Artest's natural position is SF... and McGrady's natural position is SG... I dont see where the problem is here.

I think the bigger problem on offense is that Yao and McGrady have no one to share the ball with... As JVG pointed out, we often rely on a McGrady miracle instead of others taking it upon themselves to contribute offensively.


----------



## CrackerJack (Jul 2, 2005)

*Re: Hoopshype Rumor Tied to ESPN - Artest to Houston*



O2K said:


> there is no way houston is getting artest without giving head and it would probably have to be a 3 way


are sexual favours legal in NBA trade deals?


----------



## Ballscientist (Nov 11, 2002)

*Re: Hoopshype Rumor Tied to ESPN - Artest to Houston*

It is possible.
Most of the teams have bad contracts to hurt Pacers in the future. All Rockets contracts are reasonable.


----------



## Rickbarry (Feb 22, 2005)

*Re: Hoopshype Rumor Tied to ESPN - Artest to Houston*

Well if it were to actually happen the team would look real nice on paper.
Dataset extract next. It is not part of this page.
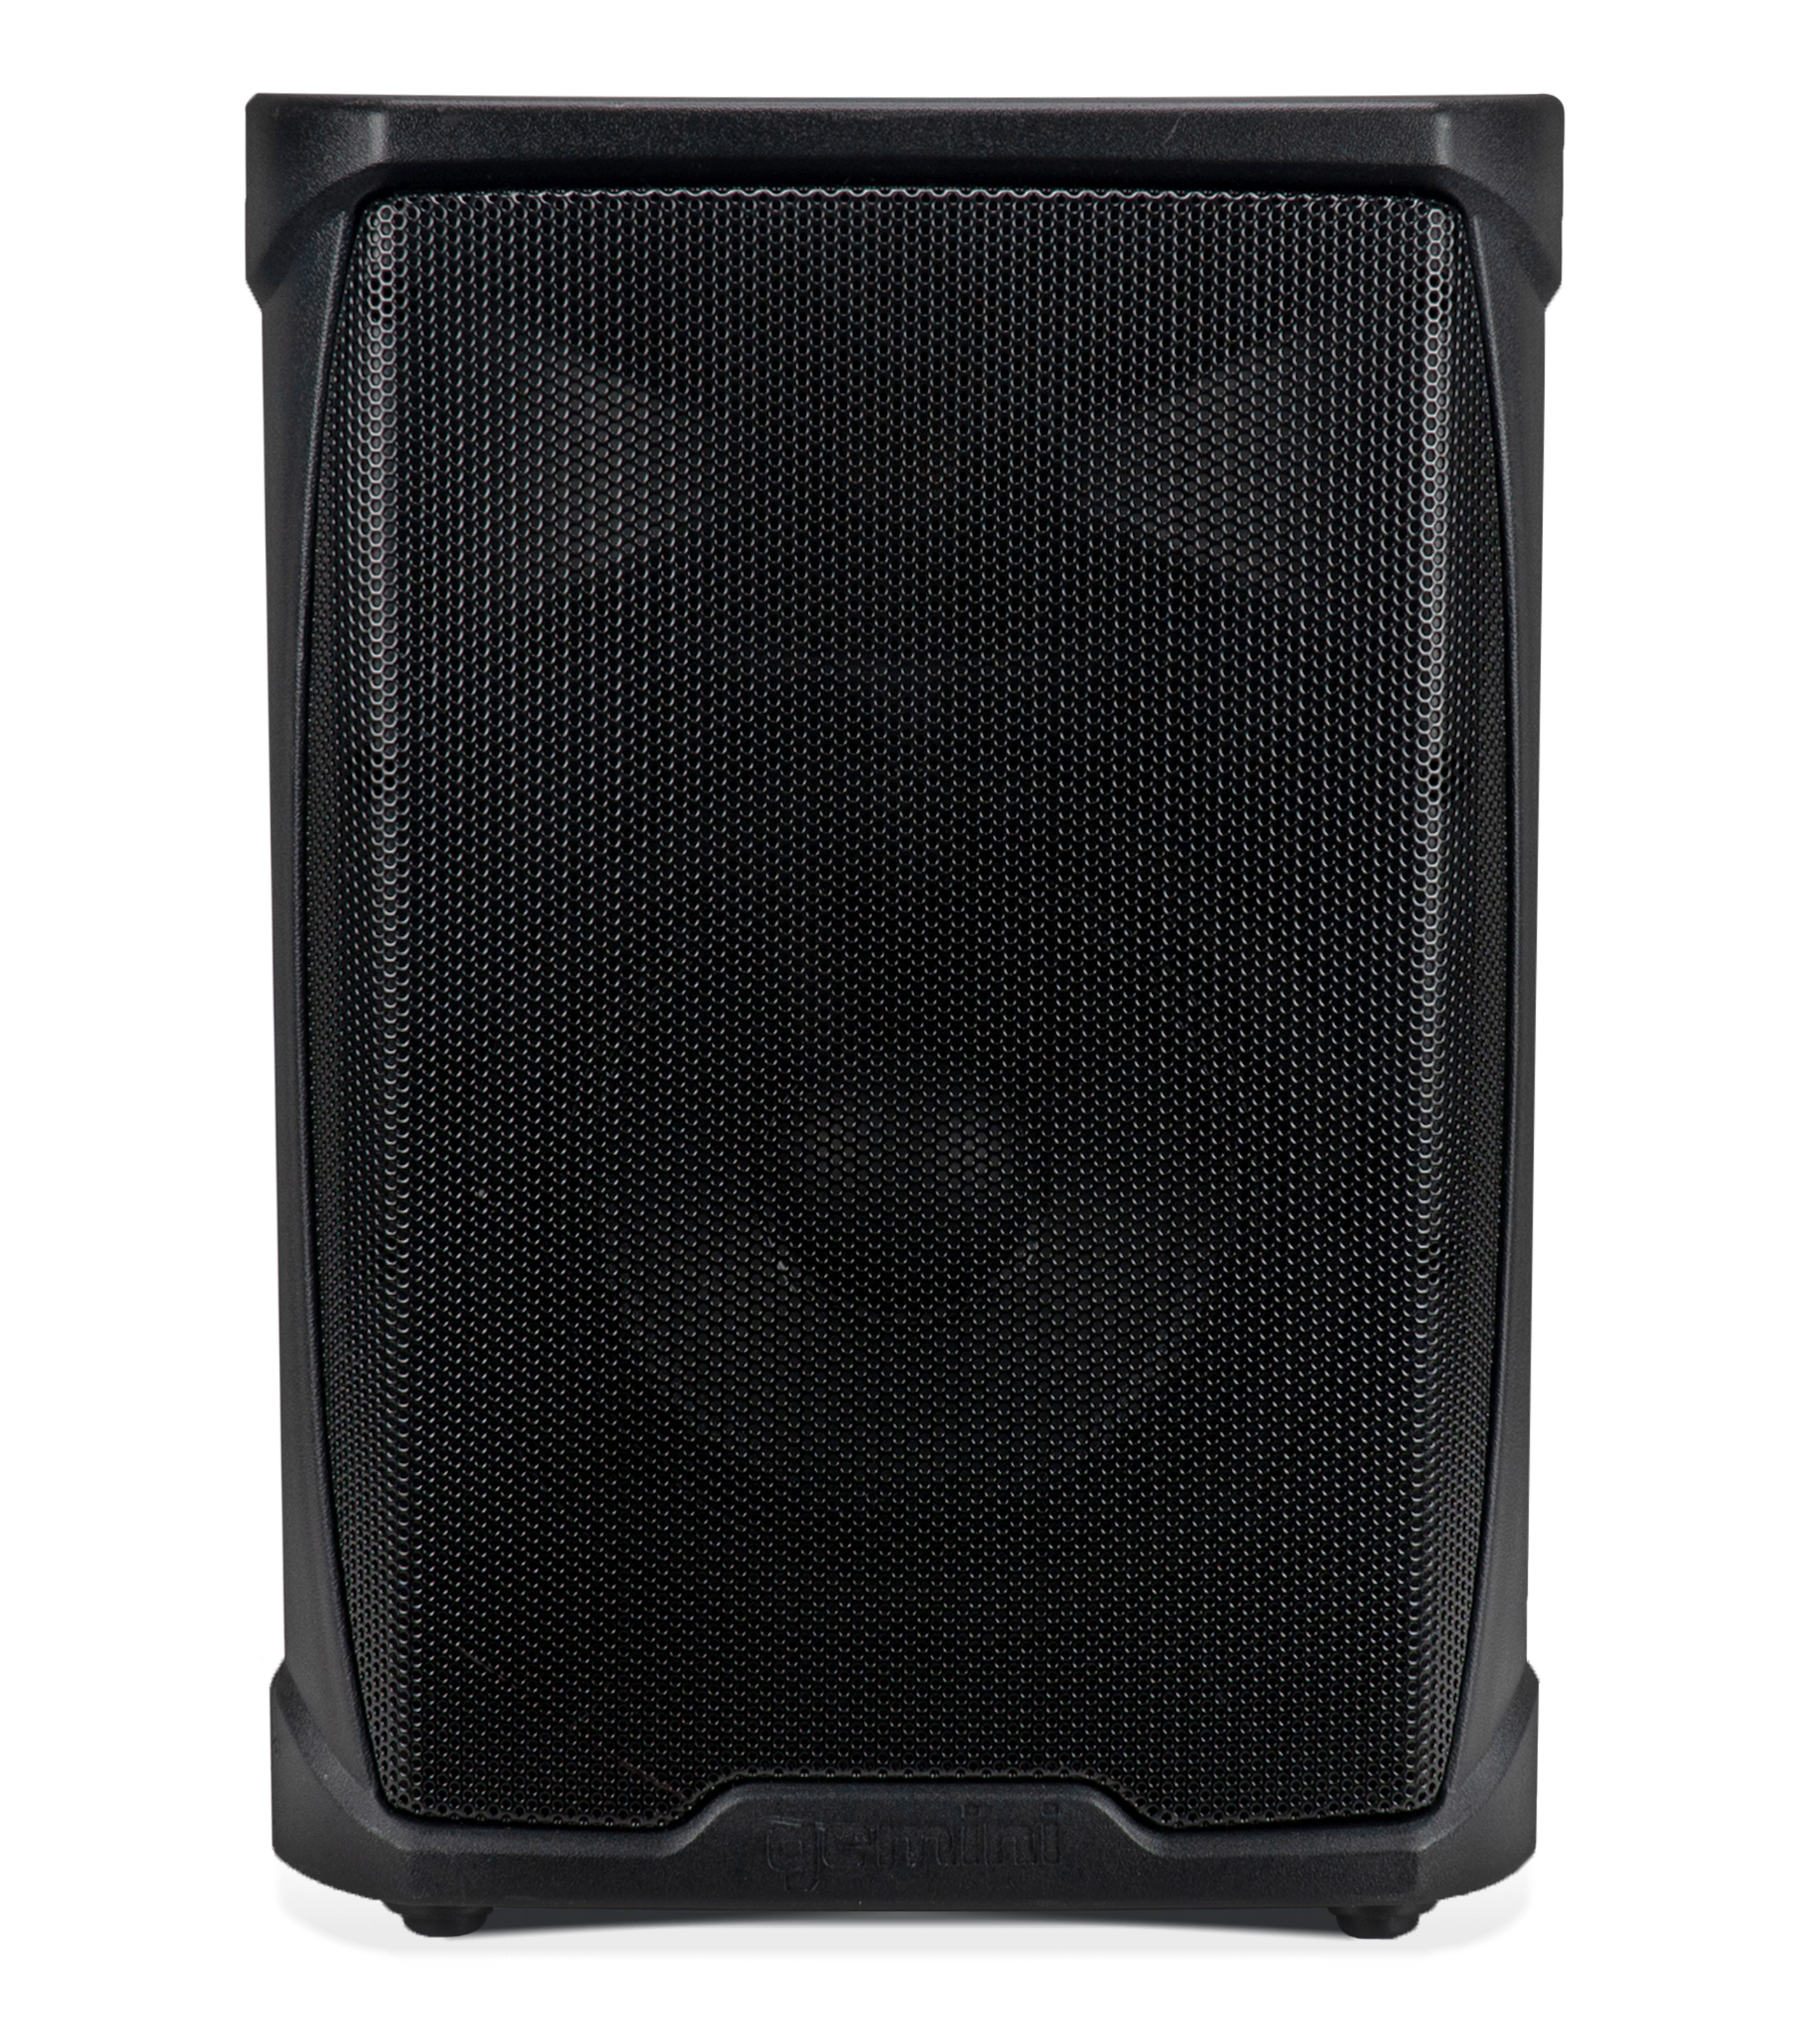 Gemini Sound GPSS-650 Powered Speakers

Of course when they actually all get on the court together could be a different story.


----------



## onetwo88 (Jul 16, 2002)

*Re: Hoopshype Rumor Tied to ESPN - Artest to Houston*

You don't need hoopshype, just use insidehoops

http://www.insidehoops.com/nba_rumors.shtml

Even more rumors, plus a commentary section, and you can copy the text using any browser


----------